A three-level hierarchical control structure has been applied in the pilot plant at Purdue University in order to achieve effective setpoint tracking and disturbance rejection in the tablet manufacturing process.2 Level 0 control is equipment built-in control, Level 1 control is process analytical technology (PAT)-based PID control, and Level 2 control is optimization-based model predictive control (MPC). As can be expected, when the multiple-input multiple-output (MIMO) system exhibits strong process variables interaction, MPC demonstrates better control performance than classical PID control. That is because MPC can predict the transition of controlled variables (e.g. API content, tablet weight) instantaneously and optimize the control moves of all the manipulated variables (e.g. API flow rate, depth of filling) within a finite time horizon. Several MPC implementation case studies have been reported: (1) the API concentration can be controlled in the feeding-blending unit,3 (2) the compaction force and the tablet weight are controlled in a rotary tablet press, 4-5 and (3) the hopper level of the tablet press and the API concentration are controlled in a direct compaction line.6 While satisfactory control performance is found in the aforementioned research studies, the implementation of MPC in actual pharmaceutical manufacturing processes is still in the infant stage.

This work is focused on developing and implementing nonlinear model predictive control (NMPC) in continuous tablet manufacturing. To mitigate the control degradation caused by plant-model mismatch, careful monitoring and continuous improvement strategies are required. When moving horizon estimation (MHE) is integrated with NMPC, historical data in the past time window together with real-time data from the sensor network, enable state estimation and model parameter updating. The adaptive model in the NMPC strategy can compensate for the process uncertainties, further reducing plant-model mismatch effects. The nonlinear first-principles model used in both HME and NMPC can predict the essential but complex powder properties and provide physical interpretation of abnormal events. In the continuous direct compaction process studied in this work, CSTR-in-series models are used to describe the dynamics of the feeding-blending unit and the Kawakita model accounts for powder compressibility in the tablet press.
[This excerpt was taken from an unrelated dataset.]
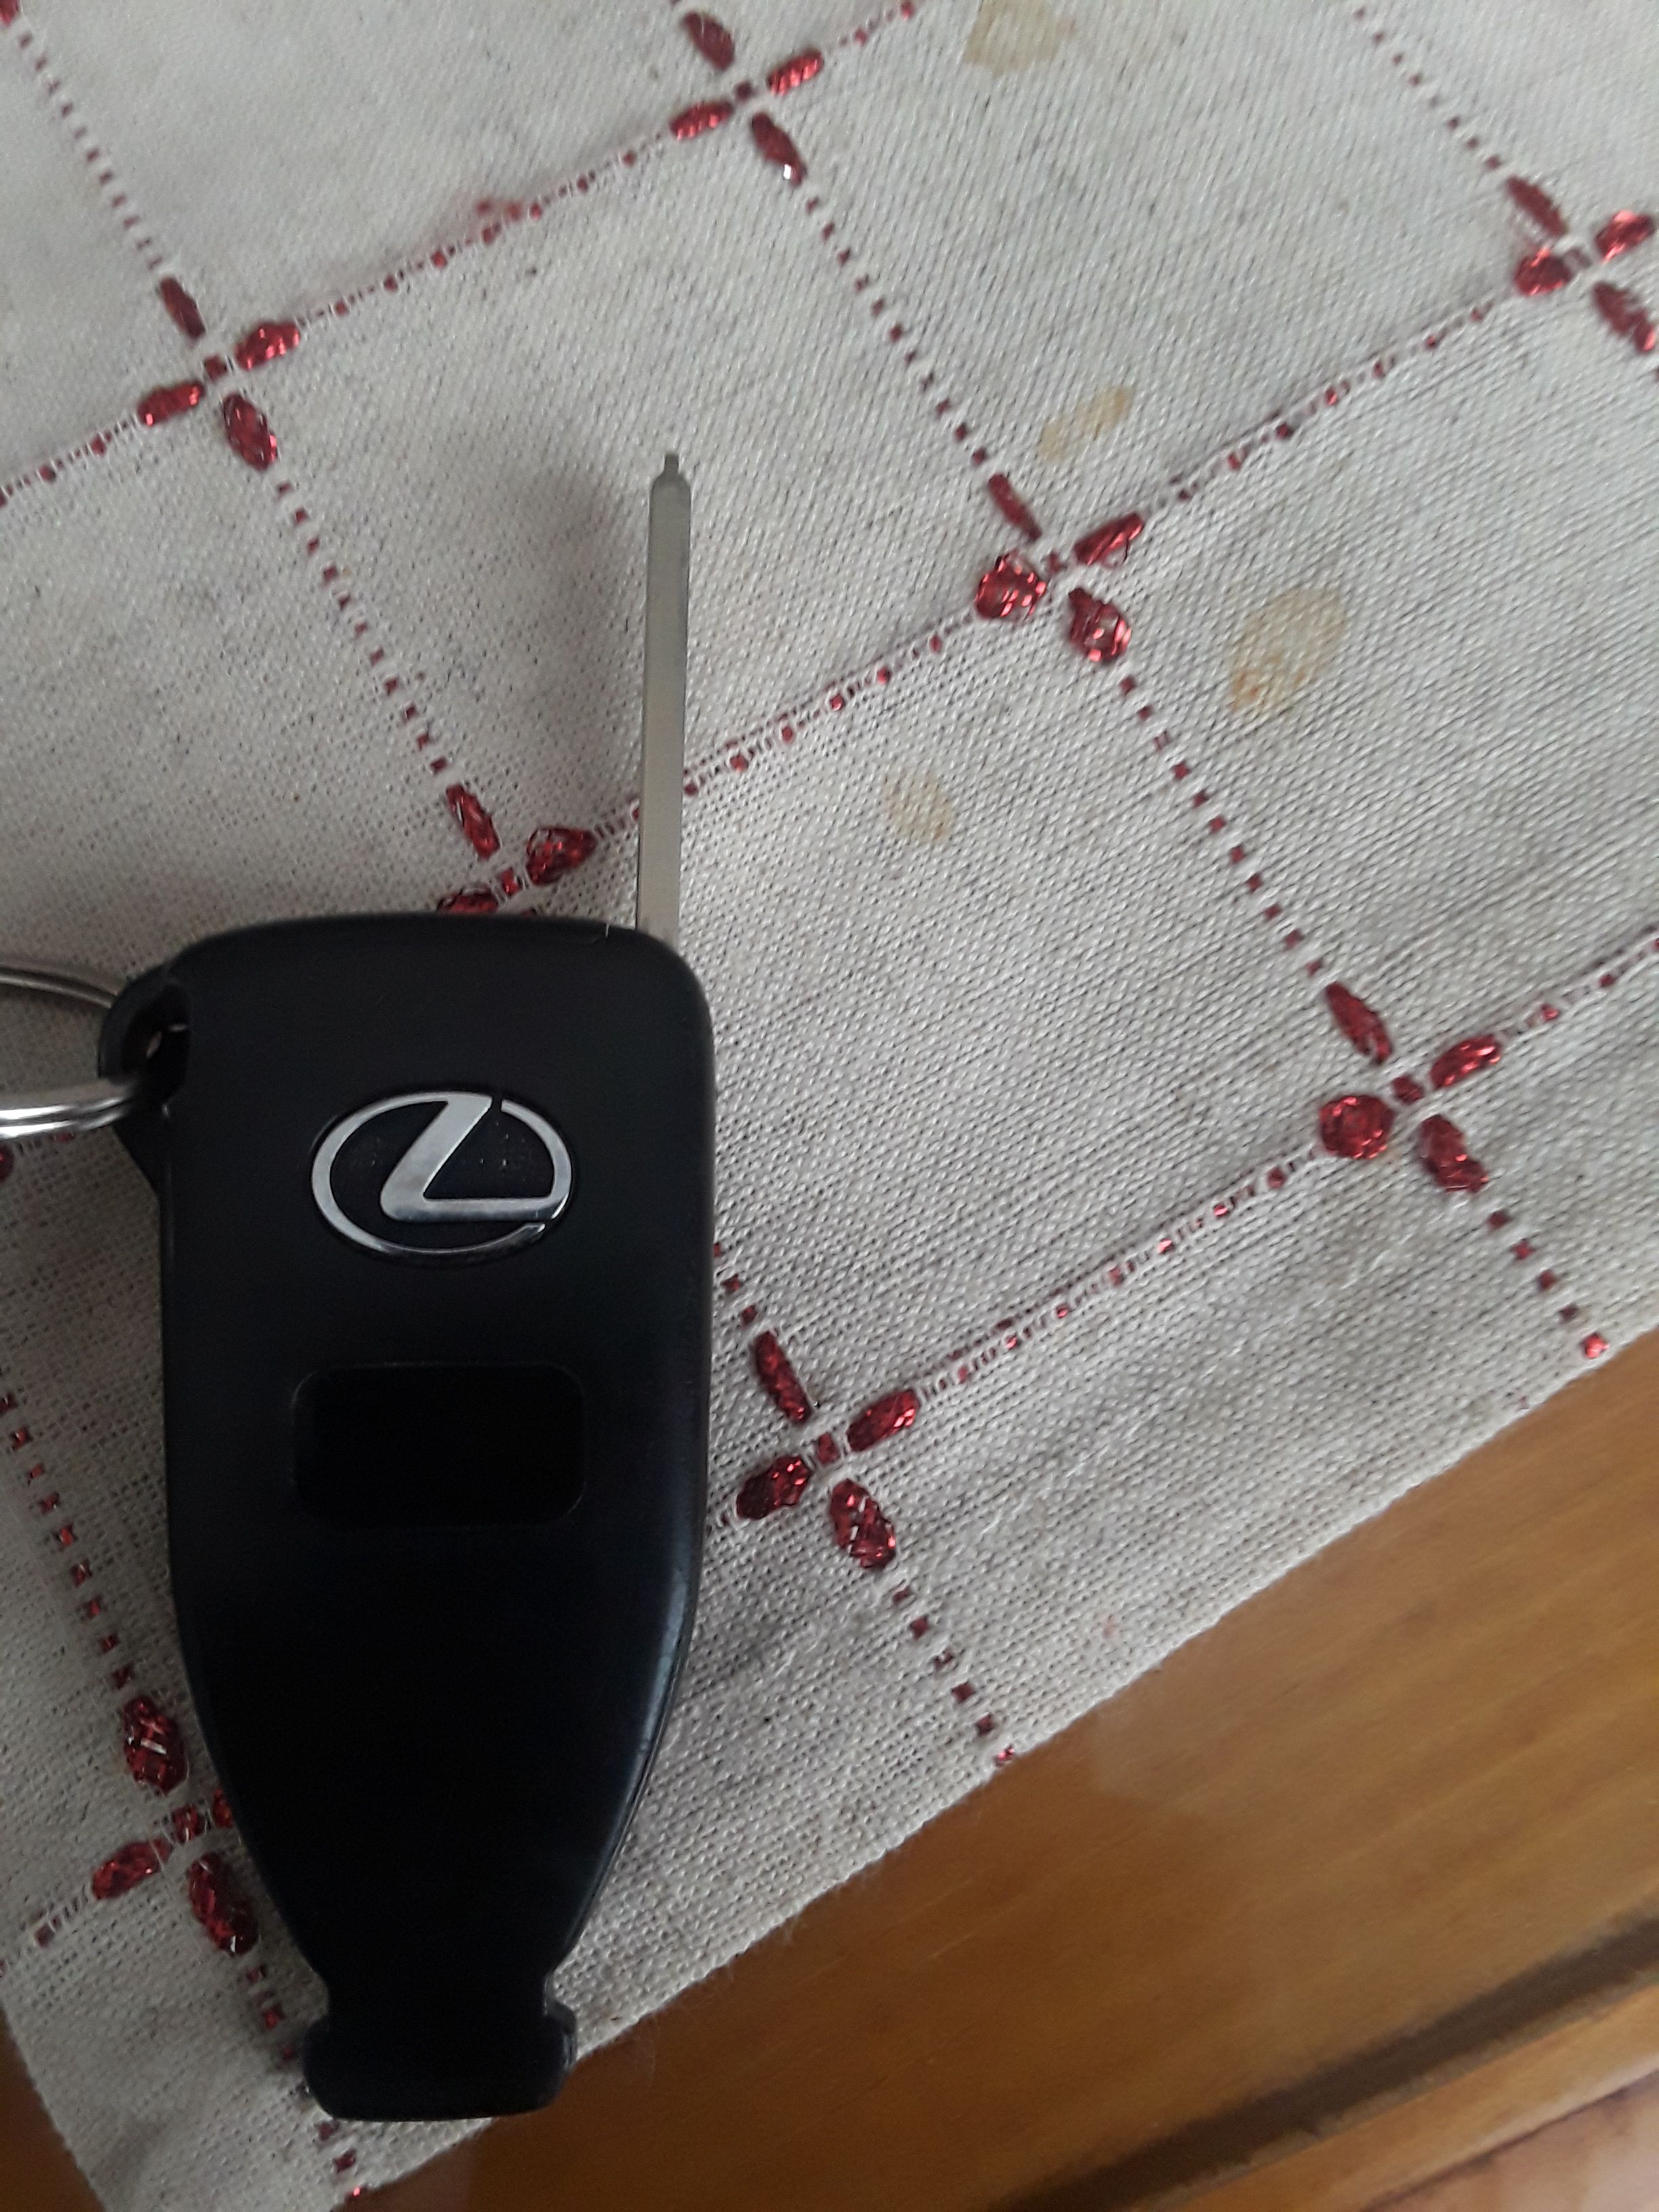 Lexus Car Key

The adaptive NMPC implementation and its real-time control performance analysis will be demonstrated on our continuous tableting pilot plant.

References

[1] Huang, J., O'Connor, T., Ahmed, K., Chatterjee, S., Garvin, C., Ghosh, K., ... & Warman, M. (2021). AIChE PD2M Advanced Process Control workshop‐moving APC forward in the pharmaceutical industry. Journal of Advanced Manufacturing and Processing, 3(1), e10071.

[2] Su, Q., Ganesh, S., Moreno, M., Bommireddy, Y., Gonzalez, M., Reklaitis, G. V., & Nagy, Z. K. (2019). A perspective on Quality-by-Control (QbC) in pharmaceutical continuous manufacturing. Computers & Chemical Engineering, 125, 216-231.

[3] Singh, R., Sahay, A., Karry, K. M., Muzzio, F., Ierapetritou, M., & Ramachandran, R. (2014). Implementation of an advanced hybrid MPC–PID control system using PAT tools into a direct compaction continuous pharmaceutical tablet manufacturing pilot plant. International journal of pharmaceutics, 473(1-2), 38-54.

[4] Su, Q., Bommireddy, Y., Shah, Y., Ganesh, S., Moreno, M., Liu, J., ... & Nagy, Z. K. (2019). Data reconciliation in the Quality-by-Design (QbD) implementation of pharmaceutical continuous tablet manufacturing. International journal of pharmaceutics, 563, 259-272.

[5] Bhaskar, A., Barros, F. N., & Singh, R. (2017). Development and implementation of an advanced model predictive control system into continuous pharmaceutical tablet compaction process. International journal of pharmaceutics, 534(1-2), 159-178.

[6] Kirchengast, M., Celikovic, S., Rehrl, J., Sacher, S., Kruisz, J., Khinast, J., & Horn, M. (2019). Ensuring tablet quality via model-based control of a continuous direct compaction process. International journal of pharmaceutics, 567, 118457.